REDESIGN PROJECT

This redesign proposes some changes to tables presented in WIKIPEDIA, which present the results from the 2006 elections for the National Congress in Peru, a topic we will use for the final project too. The tables are found in the following links:

link1 = "http://es.wikipedia.org/wiki/Elecciones_generales_de_Per%C3%BA_de_2006"
link2 = "http://en.wikipedia.org/wiki/Peruvian_general_election,_2006"

DATA PREPARATION STAGE:

We show the links since we will use them to directly scrap the data from that location, using functionalities that R offers to parse webpages. For that, we have organised a function to simplify the code in this data preparation stage:

options(width = 180)
library(XML)
getTableWWW = function(link, which, headers, skips, cols) {
    dirty = getNodeSet(htmlParse(link, encoding = "UTF-8"), "//table")[[which]]
    return(readHTMLTable(dirty, as.data.frame = T, header = headers, skip.rows = skips, 
        colClasses = cols))
}

Using the function above, we can scrap the tables we will redesign:

tableParty = getTableWWW(link1, 5, c("Party", "Seats", "Votes"), c(1, 9), c("character", "numeric", "FormattedInteger"))
tableRegion = getTableWWW(link2, 8, T, 26, c("character", "FormattedInteger", rep("integer", 4)))
tableRegionParty = getTableWWW(link2, 11, T, 26, c("character", rep("integer", 8)))
tableRegionParty[is.na(tableRegionParty)] <- 0

IMPROVEMENT 1:

We will first propose some improvement to the table that shows Party Results, which simple looks like this:

As we can see:

The table presents numbers and no further context (at least we read the whole document).
It does not help comparisson as we can not know from the table who is who. In Politics, especially in multiparty systems, you need to know who is governing and who is the opposition, and who are the the minority parties.
From the point above, we would like to know not only the results, but the political situation, the governing party must go through some negotiations in order to keep governability in case he does not have enough seats.

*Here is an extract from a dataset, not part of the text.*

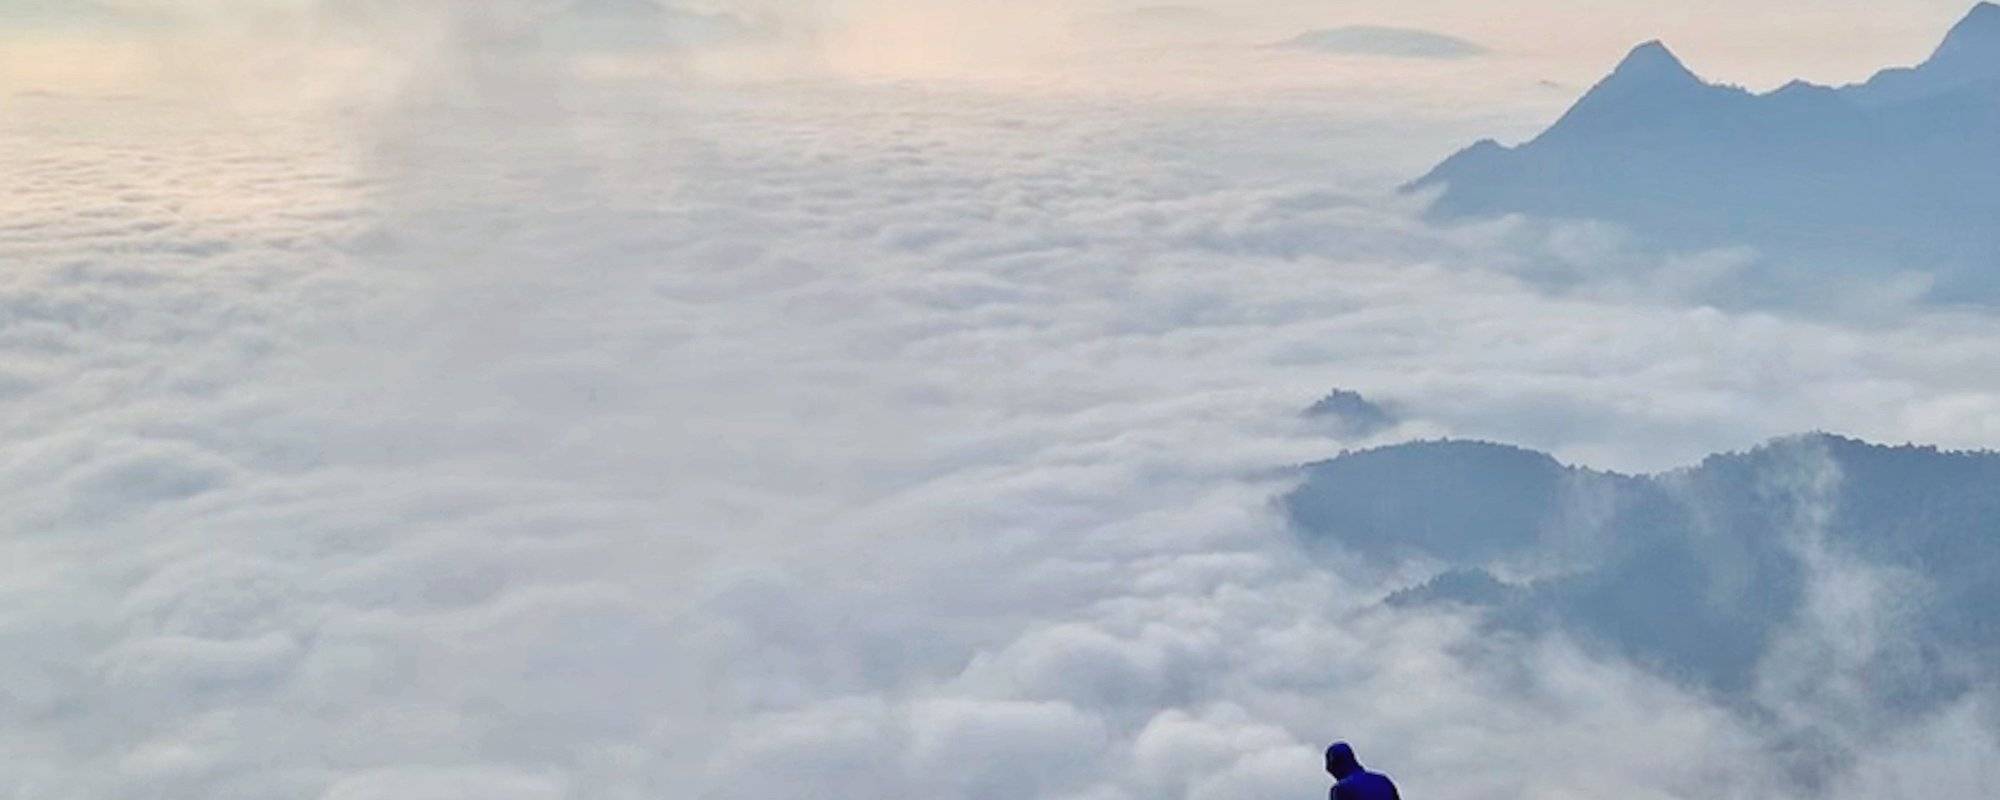 Above the clouds in Phu Chi Fa, The Most Breathtaking View! - Chiang Rai, Thailand

In this situation, we start by adding to the original table some information, that is the role or the position of the party in congress:

tableParty$Position = c("Opposition", "Governing", rep("", length(tableParty[, 2]) - 2))

As you can see, we have not included the label for “Minority”, because that will later cause us trouble when we decide to include position as a text in the chart. We now make use of lattice and plot a barchart to quickly improve comparability, highlight differences and add some context so as to get attention from the reader:

options(width = 180)
library(lattice)
author = "author: Jose Magallanes"
ord <- order(as.numeric(tableParty$Seats))
levelnew = factor(tableParty$Party)[ord]
tableParty$Party = factor(tableParty$Party, levels = levelnew, ordered = TRUE)
voteOp = tableParty$Seats[1]
voteGb = tableParty$Seats[2]
barchart(Party ~ Seats, data = tableParty, xlab = "Number of Seats obtained\n", ylab = "Parties", sub = paste("Source: National Office of Electoral Processes\n", author), main = "Results in 2006-2011 Elections for National Congress in Peru", 
    scale = list(x = list(limits = c(-1, 62)), y = list(cex = 1.2, rot = 45)), panel = function(y, x, ...) {
        panel.fill(col = "gray90")
        panel.grid(h = 0, v = -1, col = "black", lty = "dotted")
        panel.barchart(x, y, col = c("#FF3333", "#004C99", rep("#FF8000", 5), alpha = 40))
        panel.text(x + 1.1, y, label = round(x, 2), cex = 1.5, col = "grey")
        panel.text(x + 1, y, label = round(x, 2), cex = 1.5, col = "black")
        panel.text(-1.2, y, label = tableParty$Position, cex = 2, col = "white", pos = 4)
        panel.text(voteGb + 2, 5.78, label = paste("Votes to get majority:", 61 - voteGb), cex = 1.5, col = "grey", pos = 4)
        panel.text(voteGb + 2, 5.8, label = paste("Votes to get majority:", 61 - voteGb), cex = 1.5, col = "blue", pos = 4)
        panel.text(voteOp + 1.8, 6.78, label = paste("Votes to get majority:", 61 - voteOp), cex = 1.5, col = "grey", pos = 4)
        panel.text(voteOp + 1.8, 6.8, label = paste("Votes to get majority:", 61 - voteOp), cex = 1.5, col = "red", pos = 4)
        panel.text((voteGb - 10) - 0.01, 2.45, label = "Which party\nfrom the minority\nwill help the governing party\n rule the Congress?", cex = 3, col = "black")
        panel.text(voteGb - 10, 2.5, label = "Which party\nfrom the minority\nwill help the governing party\n rule the Congress?", cex = 3, col = "#CC6600")
        panel.arrows(voteOp + 2, 7, 61, 7, col = "red", lwd = 3, length = 0.1)
        panel.arrows(voteGb + 2, 6, 61, 6, col = "blue", lwd = 3, length = 0.1)
        panel.abline(h = 0, v = 61, col = "black", lwd = 3)
    })

plot of chunk unnamed-chunk-4

As it can be seen, now it is clear that:

The governing party is not the first power in Congress.
The Opposition party may weaken governability.
There are many alternatives for either, the governing or opposition party, to get the absolute majority.
Although the opposition seems to have conquered the Congress, in this political scenario, the governing party in the executive branch, will have more concrete “tools” to gain support from minority parties.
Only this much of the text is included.